The therapy, which uses eye movements to help patients replace traumatic memories with more pleasant ones, has already shown positive results in a study the researchers have conducted on civilians.
“I told Cledus I know this woman who has this program, and it has worked,” Sullivan said.
Judd, 47, said he was deeply moved by the suggestion.
“A guy reached out to me who I never met,” Judd said. “He saw the anxiety in my eyes and the hurt of years of missing out on things. There is no quality of life when you drive that many miles alone.”
So Judd contacted Elk, who treated him in her private practice about a week ago.
At first, the comedian, whose country music parodies make him the Weird Al Yankovic of the Grand Ole Opry set, said he felt “a little guilty” about seeking out a treatment being studied for treatment on combat traumas.
“She deals primarily with people who have experienced a million times worse things than me,” he said. “Guys who’ve killed people. Guys and girls who have been shot at. Injured. Lost limbs. I felt guilty.”
But he said he wanted to fly so bad that he overcame his guilt.
“He was really anxious,” Elk said. “His anxiety level, on a scale from 0 to 10, was up to 10 and all the way off the charts.”
Elk said it doesn’t matter whether someone has experienced trauma from battle, a bad flight or an abusive spouse.
Accelerated Resolution Therapy, she said, “is the most efficient therapy I know of for someone who has experienced trauma. It has a very short course of treatment and it doesn’t just provide coping skills, it resolves the traumatic response so they don’t have it anymore.”
The results of the USF study on civilians, which was funded by the Substance Abuse and Mental Health Services Administration and wrapped up last month, “were pretty amazing,” Elk said. The civilian study found that those undergoing the therapy were no longer experiencing PTSD symptoms, had increased levels of sleep quality and quantity and decreased levels of depression.
Those results, she said, will be presented to an upcoming American Psychological Association conference and are under review for publication in the Journal of Traumatic Stress.
Elk and Kip are conducting another study, funded by the Department of Defense, aimed at veterans.
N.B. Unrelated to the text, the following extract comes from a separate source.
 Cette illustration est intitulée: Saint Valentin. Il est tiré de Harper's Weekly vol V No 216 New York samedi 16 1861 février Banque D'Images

So far, the researchers have treated 40 of the 80 veterans they have funding for and are looking to enroll the rest by August.
Judd said he attended two sessions with Elk.
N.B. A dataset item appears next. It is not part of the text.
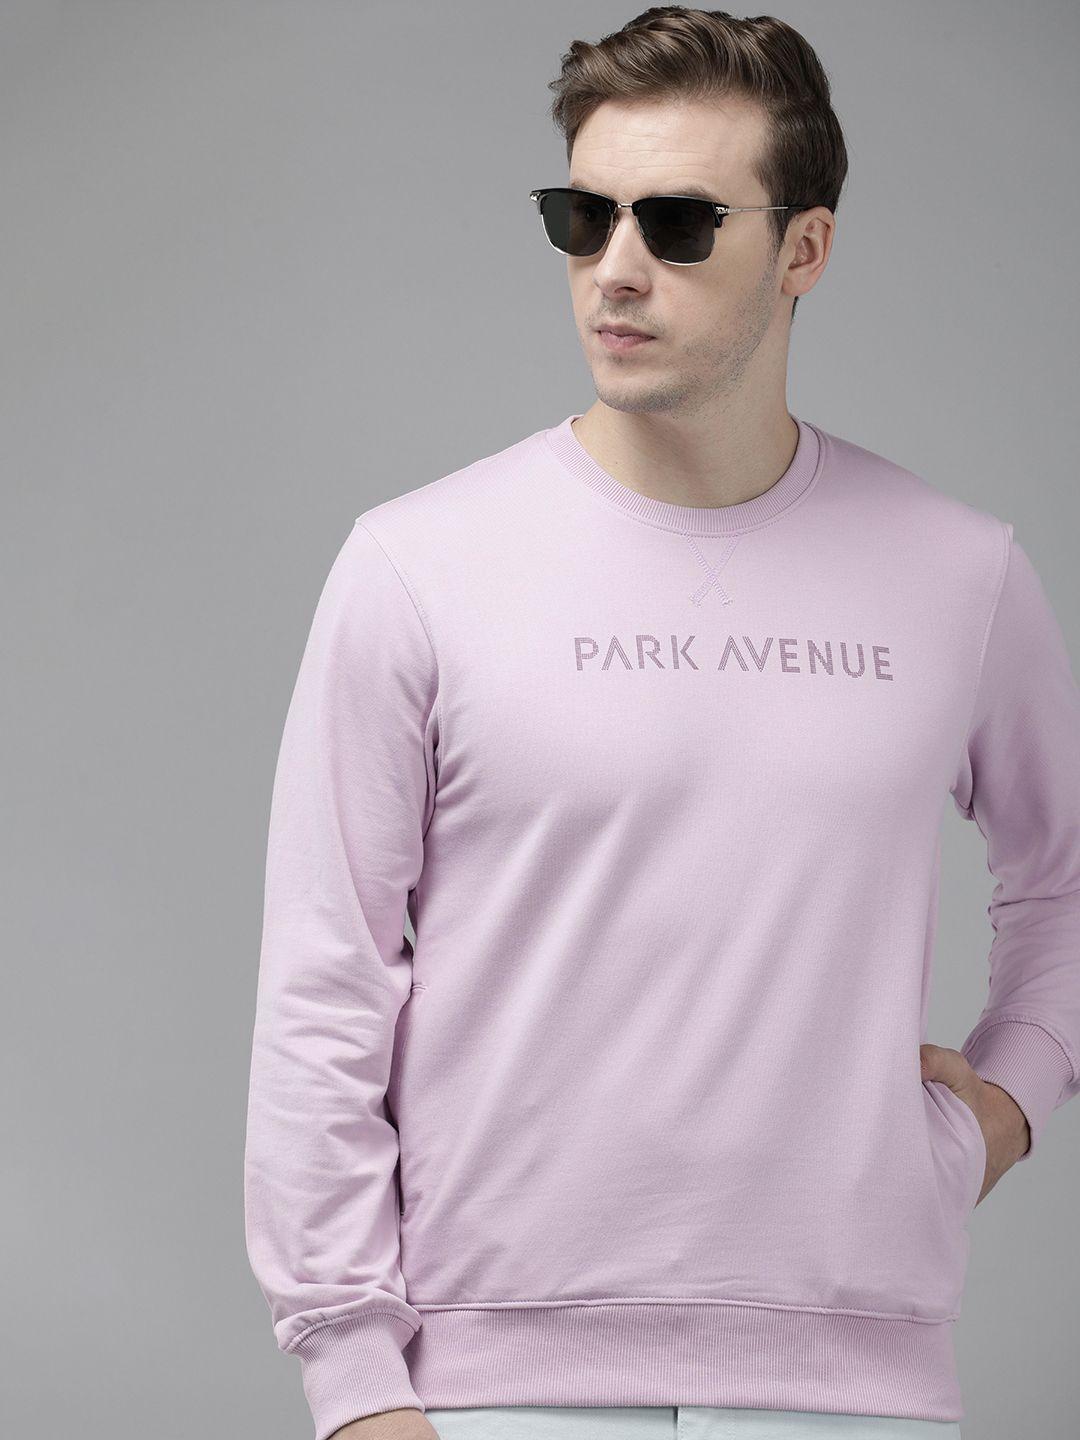 park avenue long sleeves brand logo printed sweatshirt

“I went through the process, paid attention and tried to do what I was told,” Judd said. “I slowly felt the anxiety leave as I replaced the traumatic experience with a more pleasant one.”
Judd – who spent years driving by Tampa International Airport and had even booked himself onto flights, only to opt to drive – finally got back on a plane Wednesday.
The pilot announced the flight would be bumpy.
“I had some anxiety, but so did the other 200 passengers,” he said. “But I handled it.”
So well that Thursday, he flew back to Tampa.
Judd said he was so elated by the experience that he videotaped his journey with an eye toward documenting how fear can be overcome. He got to meet the pilot afterward and gushed about the whole thing on his radio show.
“I travel for a living and was unable to fly,” he said. “Two days ago I mounted a 737, flew two hours home and then back again. The therapy absolutely changed my life.”
Sullivan said he hopes Judd’s experience will help increase awareness of the treatment and funding for trials so the USF researchers can eventually add to their current veteran study and someday treat active-duty troops.
Elk said that while she is heartened to hear her patient was able to fly again, more study is needed.
“A lot of people see this as promising,” she said, “but we need data, because proving this works has to be evidence-based and we have to have the science behind it.”